The Hollywood cookie diet or the Smart for Life Diet promises that eating, yes, cookies will allow you to drop pounds. They are in fact just high-protein, high-fiber cookies designed for weight loss. One company makes them from egg and milk protein. This constitutes your breakfast, lunch, and snacks. Dinner is normal and it equals about 1,000-2,000 calories per day. You will definitely lose weight on this diet, but will end up possibly binging come dinnertime from being deprived all day long. Try instead to maintain healthy and balanced eating habits throughout the day to keep your metabolism geared up, but in equilibrium.

 

The many different unsafe diets available include others such as the South Beach, Zone, DASH, or others. When undertaking a new diet routine, you need to think about the long-term desired effects.

Do you want to lose weight?
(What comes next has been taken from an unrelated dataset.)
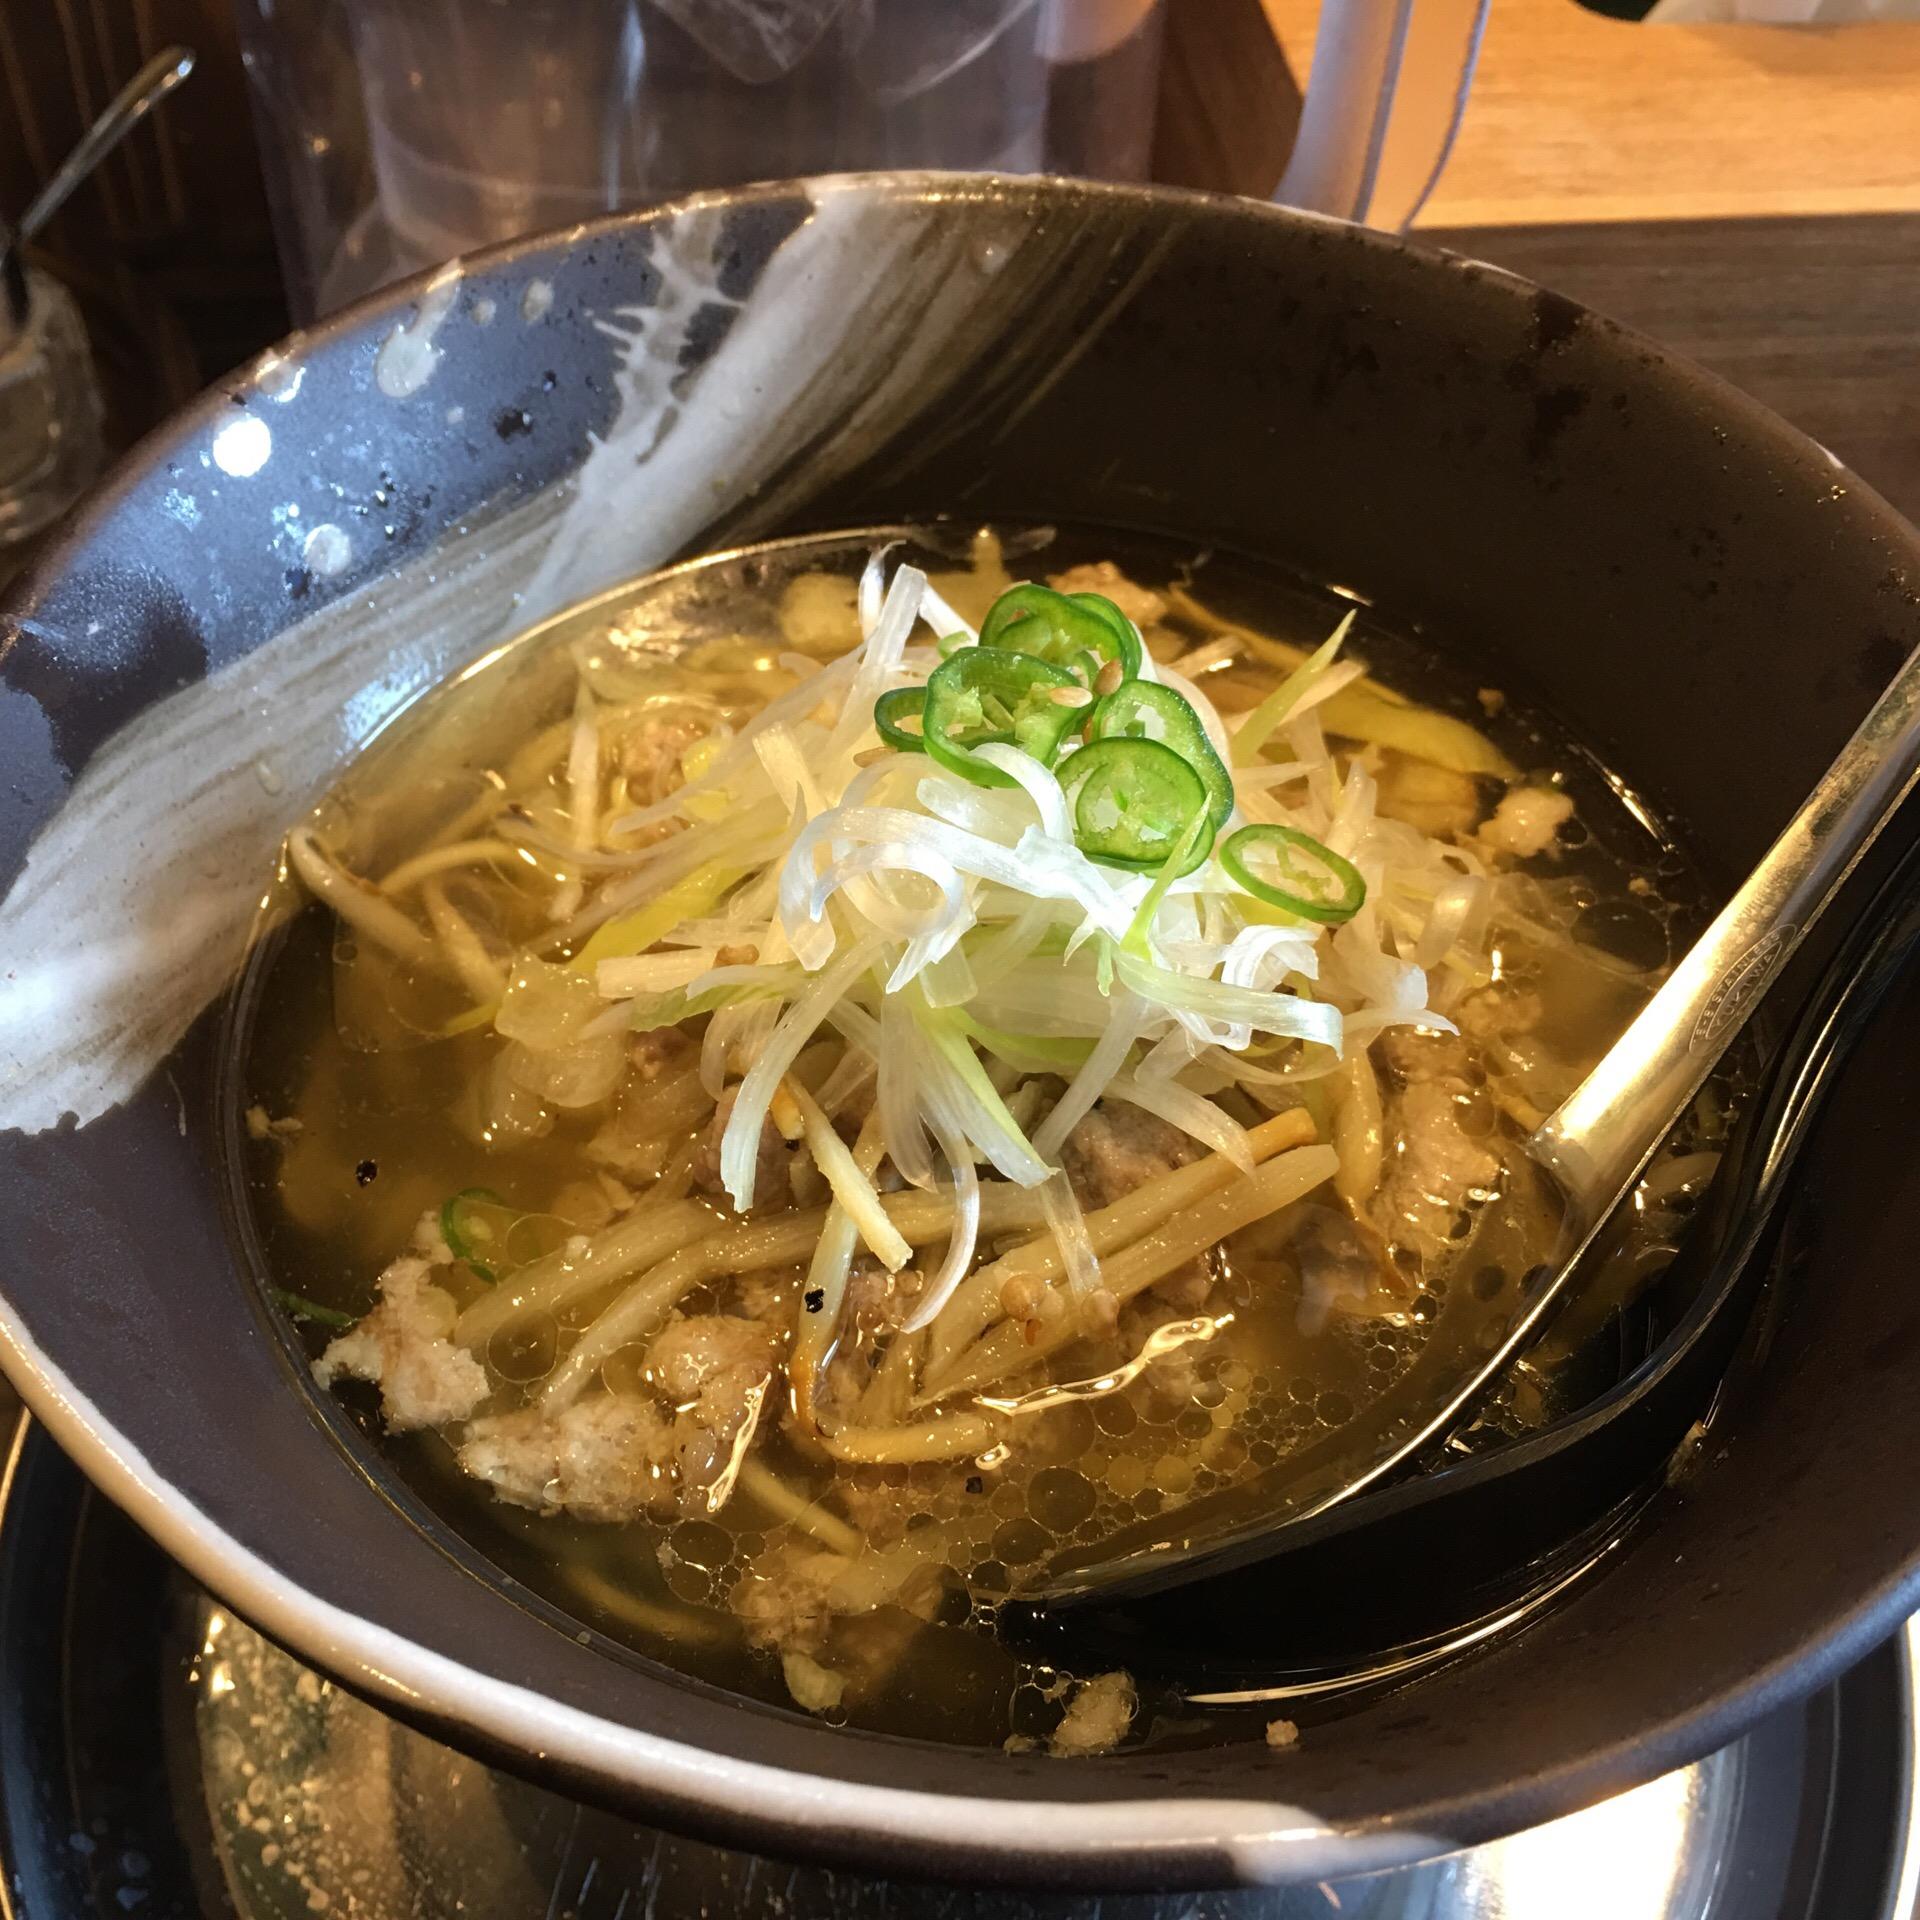 2017年1月のラーメンは高田馬場「青唐爽麺 ハルク」にしたよ!!

Do you have a more serious health issue to address? These should not be treated in the same way. Fad diets can cost a lot of wasted time and money. There are also several fad diets that can limit your macronutrient intake, thus causing possible nutrient deficiencies.  They may give you short-term boosts or weight-loss but the long-term effects are usually much different.
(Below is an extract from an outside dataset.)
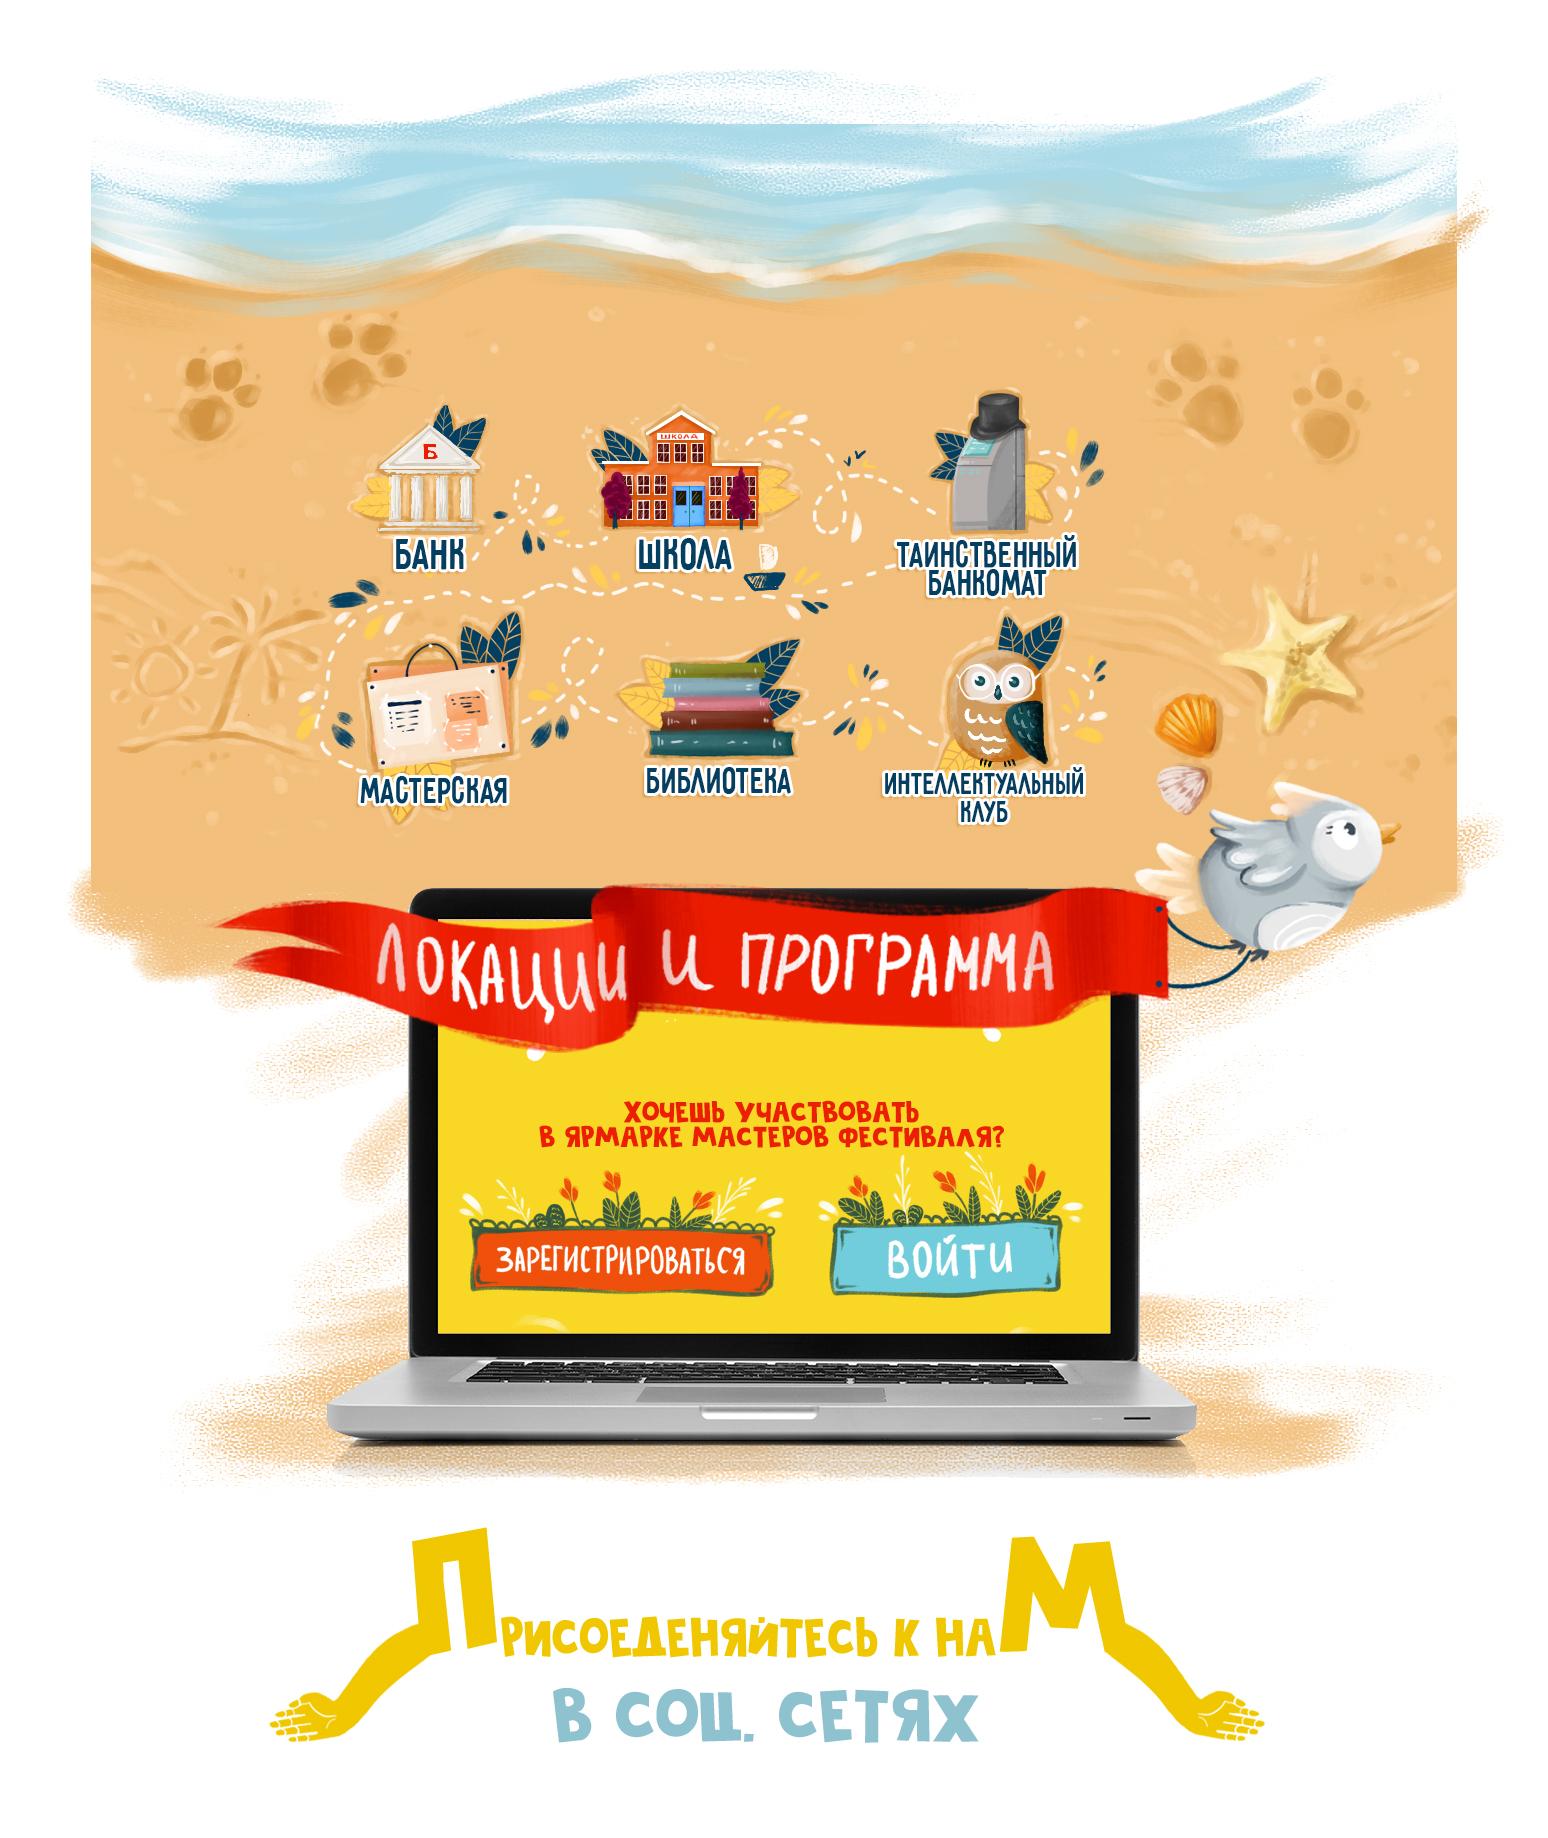 Дизайн сайта и иллюстрации castellfest com

You could gain weight quickly, or other harmful effects may happen, not to mention the long-term dangers of nutrient deprivation found with many of the diets. Instead of a fad, quick-fix diet, seek instead a diet tailored to your specific issues. For digestive issues, temporary elimination diets can be very effective. If you have an autoimmune disorder, anti-inflammatory diets can be both protective and sustainable. Want to lose weight? Try the ketogenic diet which limits carbs, but actually changes your body’s metabolism in order to help in becoming healthy and trim naturally.